Martini melarikan diri ke kediaman Koh Ong, majikannya tempat Martini bekerja sebagai pembantu. Koh Ong, ternyata baru saja diciduk aparat karena ia seorang guru di sekolah yang didirikan organisasi Baperki. Seorang tentara, Sersan Wardoyo dan Pak Toyib tiba-tiba masuk ke rumah Koh Kong dan menapati Martini di sana. Toyib langsung menunjuk dan berteriak agar segera menangkap Martini. “Itu mbakyunya!” teriak sang jagabaya sambil menuding Martini. “Tidak mungkin dia tidak tahu di mana Martono! Tangkap dia dulu, pasti nanti adiknya akan menyerah!”
Dalam perjalanan menuju rumah tahanan, Toyib berbisik kepada Martini tentang kemungkinan akan dilepas asalkan Martini mau dinikahinya. Martini tidak menanggapinya. Di rumah tahanan Martini disiksa dengan segala macam cara merasa seakan ajal menjemput. Saat itu Toyib datang. Dalam tekanan sisksaan itu Martini terpaksa menyerah pada keinginan Toyib. Toyib memapah Martini keluar dari ruang tahanan sambil berkata: “Dengan tudingan jari telunjuk ini aku bisa bikin orang mati dan hidup kembali. Seperti kamu!”
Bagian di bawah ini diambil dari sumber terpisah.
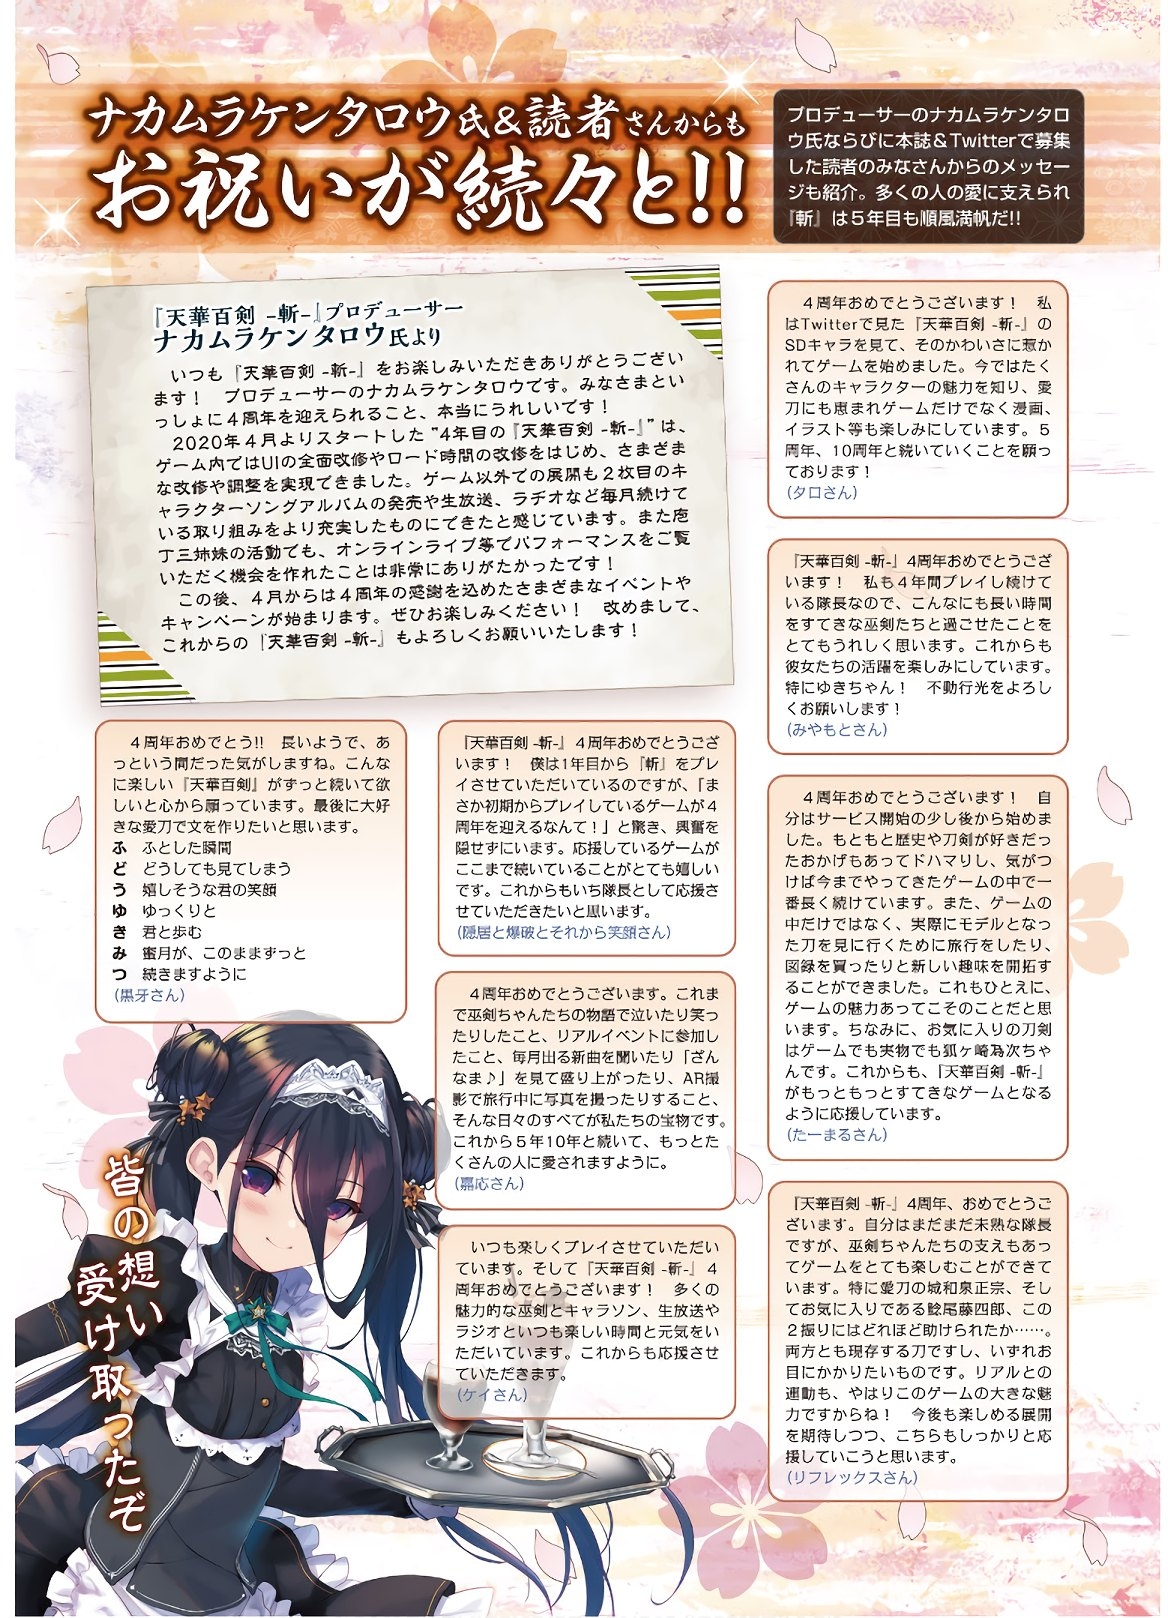 Dengeki G's Magazine #286 - May 2021 14

Bagian akhir cerpen Toyib digambarkan sangat menderita karena jari telunjuknya terasa seperti ditusuk jutaan jarum. Ia terus berteriak kesakitan. Martini, mencoba menghubungkan penderitaan jari telunjuk suaminya dengan pengalaman masa lalunya. Martini mengenang kembali dahulu banyak orang yang menjadi korban karena jari telunjuk suaminya. Pikiran Martini masih melayang, terbayang akan penderitaan masa lalunya. Siksaan di tahanan, dan siksa lahir batin oleh istri tua suaminya. Yang sangat membuat hatinya hancur, ketika Martono terberitakan dibantai dan dibuang ke Luwengombo.
Toyib tampaknya tidak menerima kalau penderitaannya dianggap kutukan karena masa lalunya. Toyib berlari ke dapur, mengambil parang pemotong daging. Tidak bisa dipastikan apakah Toyib memotong jarinya atau akan membunuh Martini?